The factual inquiries set forth in Graham v. John Deere Co., 383 U.S. 1, 148 USPQ 459 (1966), that are applied for establishing a background for determining obviousness under 35 U.S.C. 103 are summarized as follows:
1. Determining the scope and contents of the prior art.
2. Ascertaining the differences between the prior art and the claims at issue.
3. Resolving the level of ordinary skill in the pertinent art.
4. Considering objective evidence present in the application indicating obviousness or nonobviousness.
Claims 1-3 and 9-15 are rejected under 35 U.S.C. 103 as being unpatentable over Wedig (U.S. Patent Pub. No. 2019/0362529) in view of Ma (U.S. Patent Pub. No. 2018/0033190).
Regarding Claim 1, Wedig teaches a method comprising:
identifying baseline blendshapes from a captured facial image of a facial expression of a user (¶42 the wearable system 200 can use the outward-facing imaging system 464 or the inward-facing imaging system 462 to acquire images of a pose of the user. The images may be still images, frames of a video, or a video; ¶101 Some example characteristics of the avatar can include the size, appearance, position, orientation, movement, pose, expression, etc.)
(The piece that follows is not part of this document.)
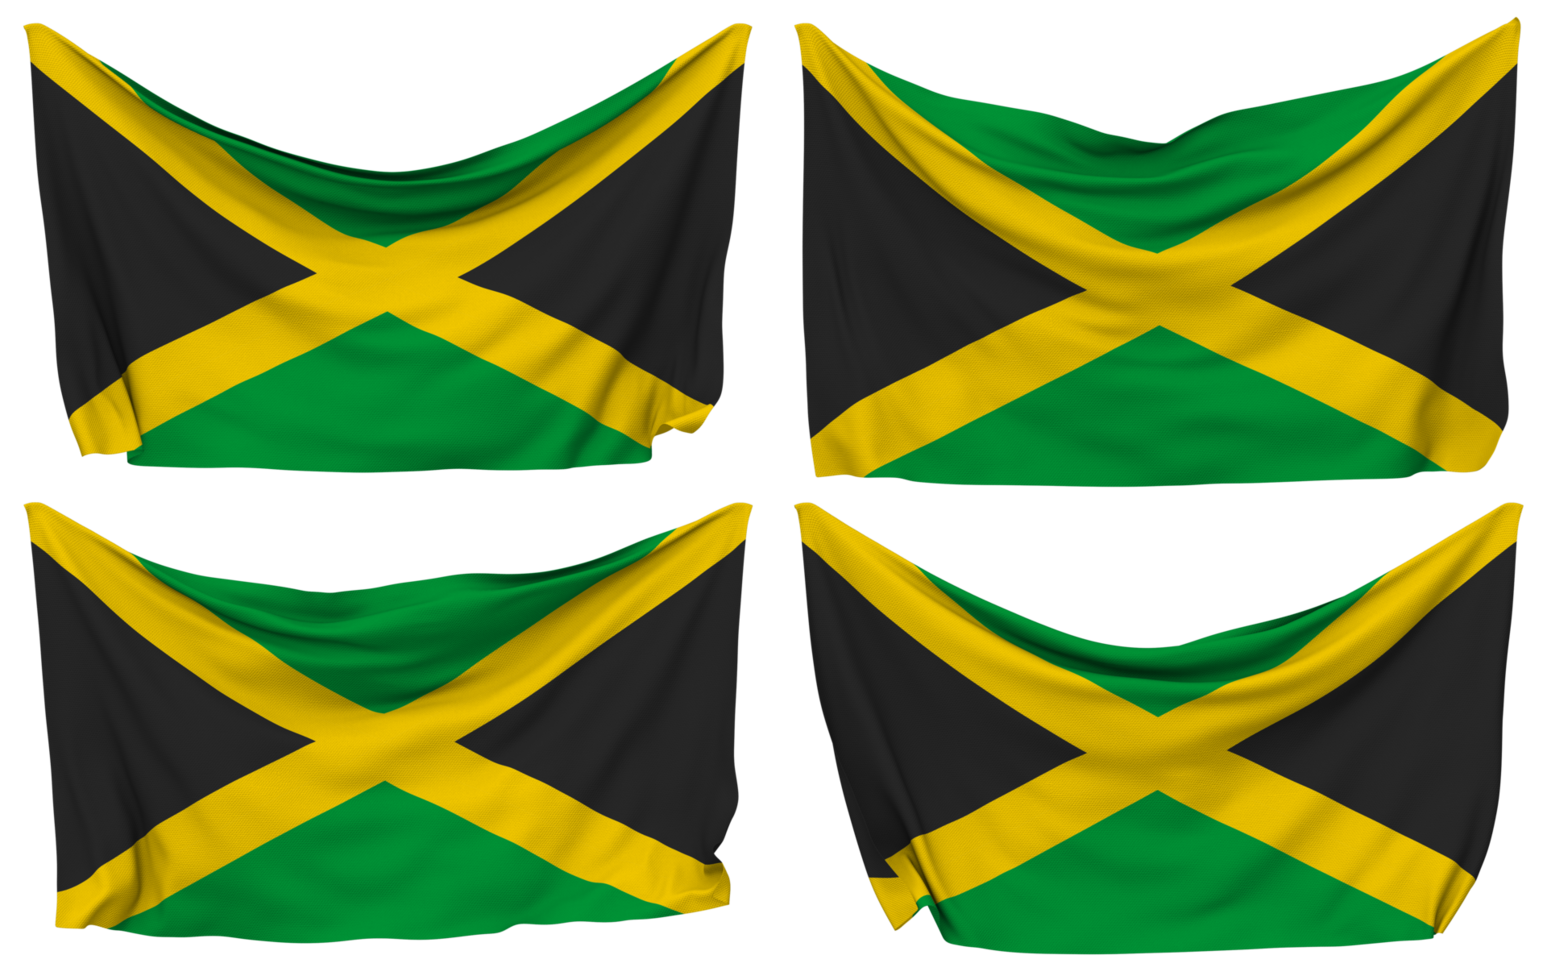 Jamaica Pinned Flag from Corners, Isolated with Different Waving Variations, 3D Rendering png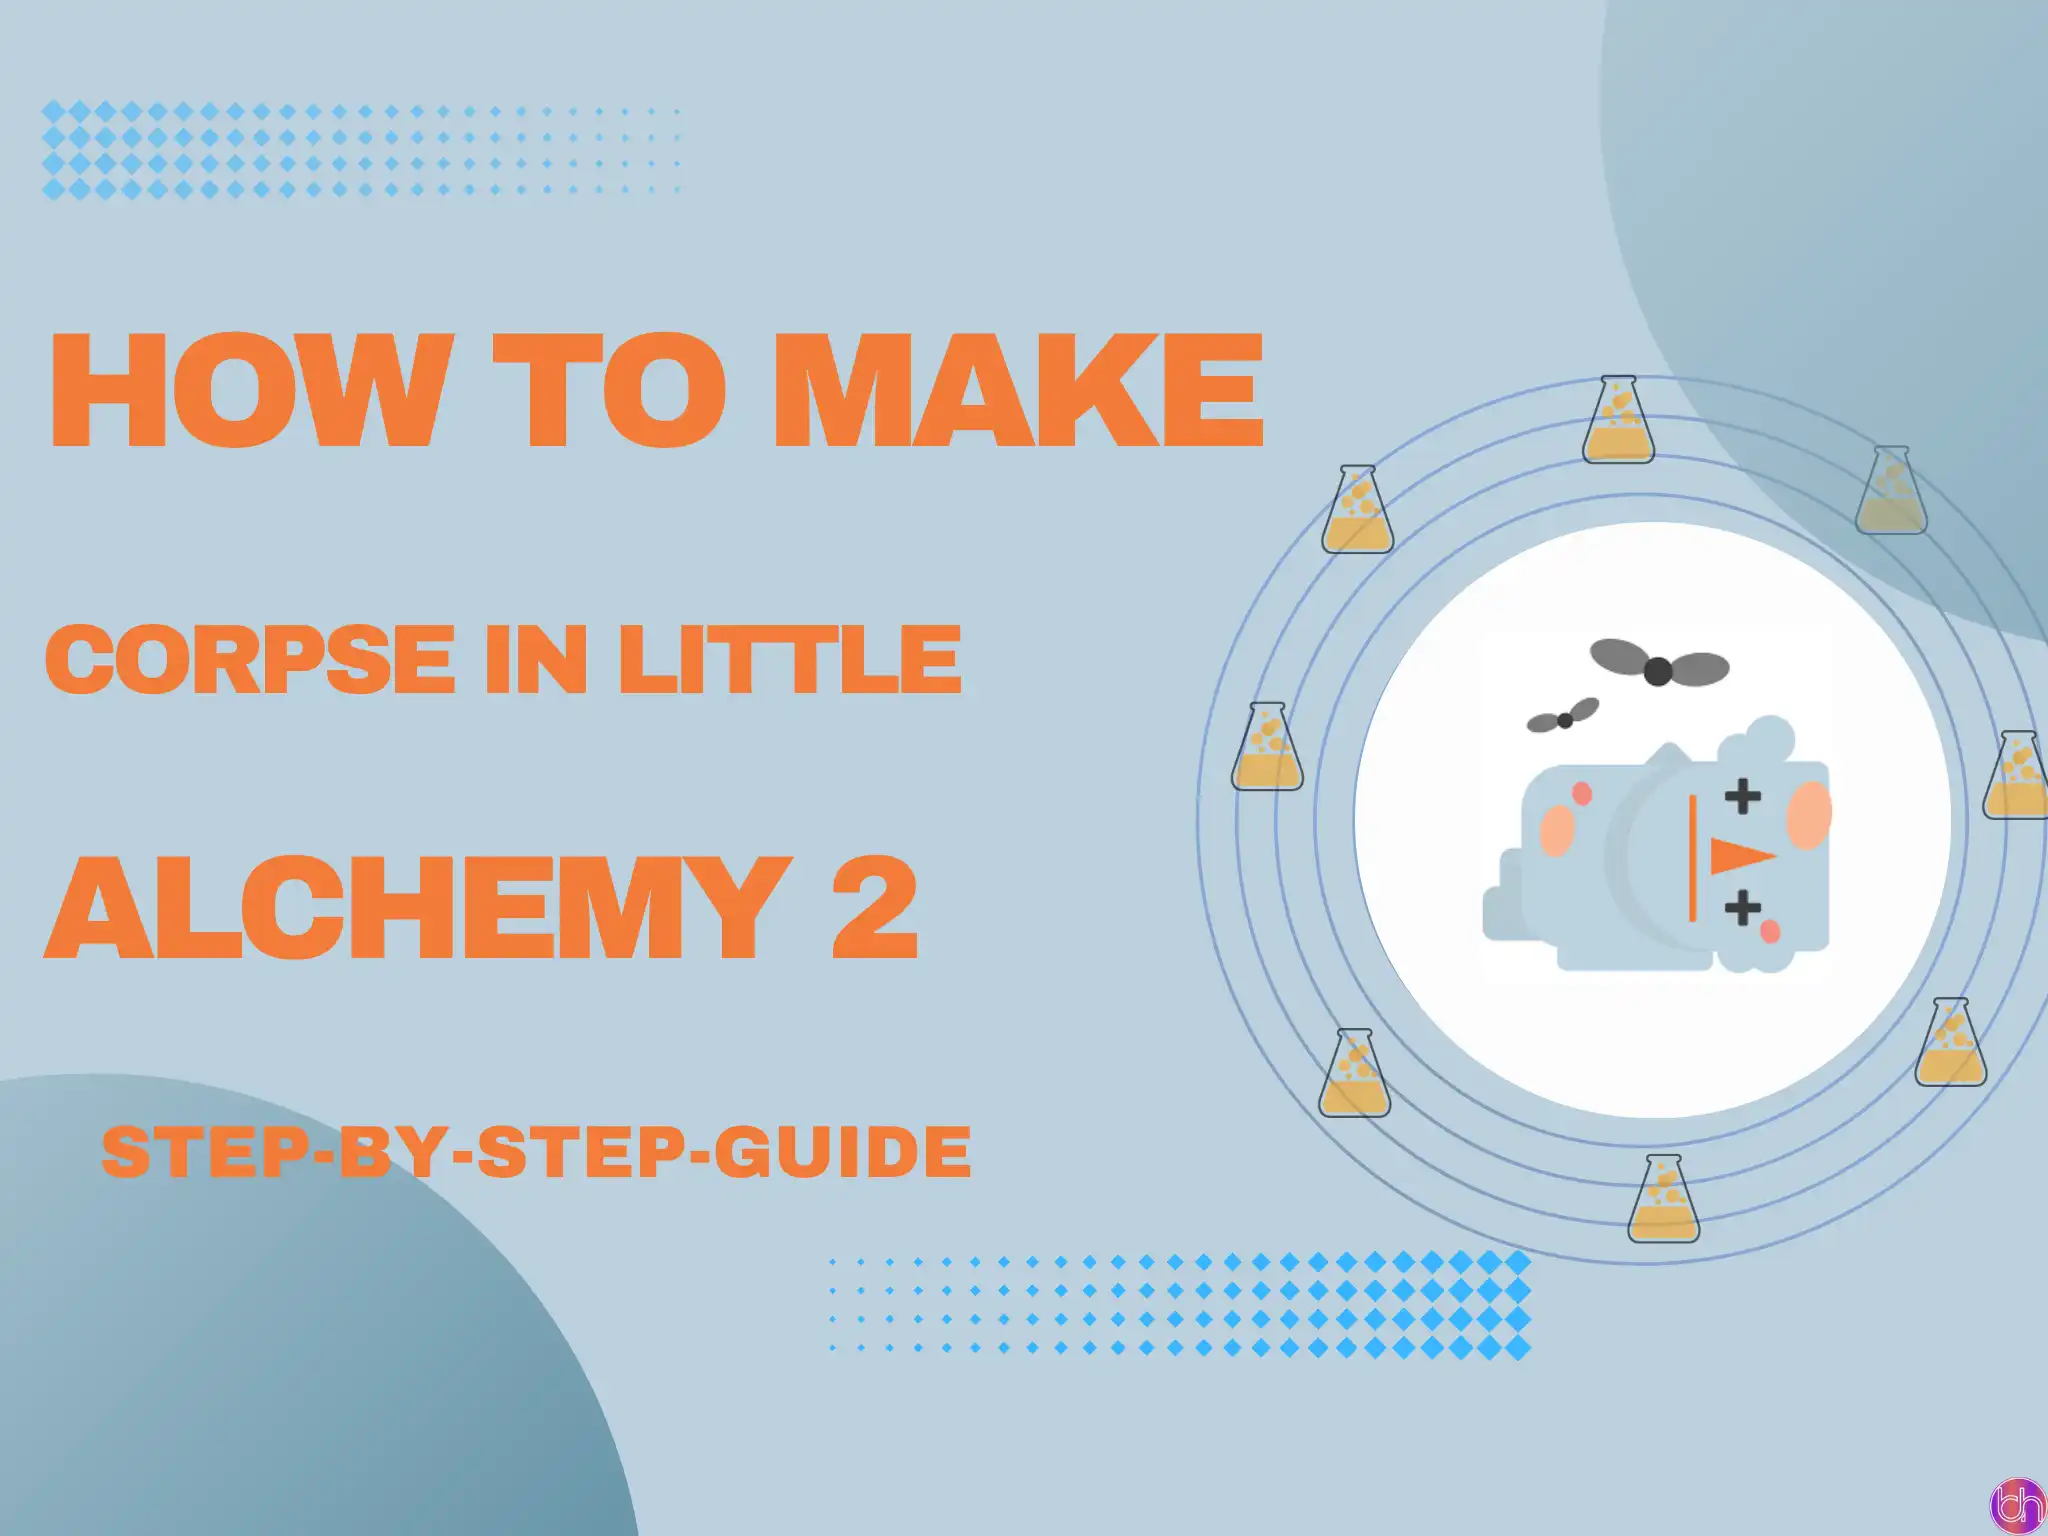 How to make Corpse in Little Alchemy 2

for each of a plurality of facial expressions, identifying blendshape weights (¶140 In addition to skeletal systems, “blendshapes” can also be used in rigging to produce mesh deformations. A blendshape (sometimes also called a “morph target” or just a “shape”) is a deformation applied to a set of vertices in the mesh where each vertex in the set is moved a specified amount in a specified direction based upon a weight) from a captured facial image of the facial expression of the user, and generating a blendshape model by applying the blendshape weights to the baseline blendshapes (¶140 Each vertex in the set may have its outs custom motion for a specific blendshape, and moving the vertices in the set simultaneously will generate the desired shape. The custom motion for each vertex in a blendshape can be specified by a “delta,” which is a vector representing the amount and direction of XYZ motion applied to that vertex. Blendshapes can be used to produce, for example, facial deformations to move the eyes, lips, brows, nose, dimples, etc., just to name a few possibilities;)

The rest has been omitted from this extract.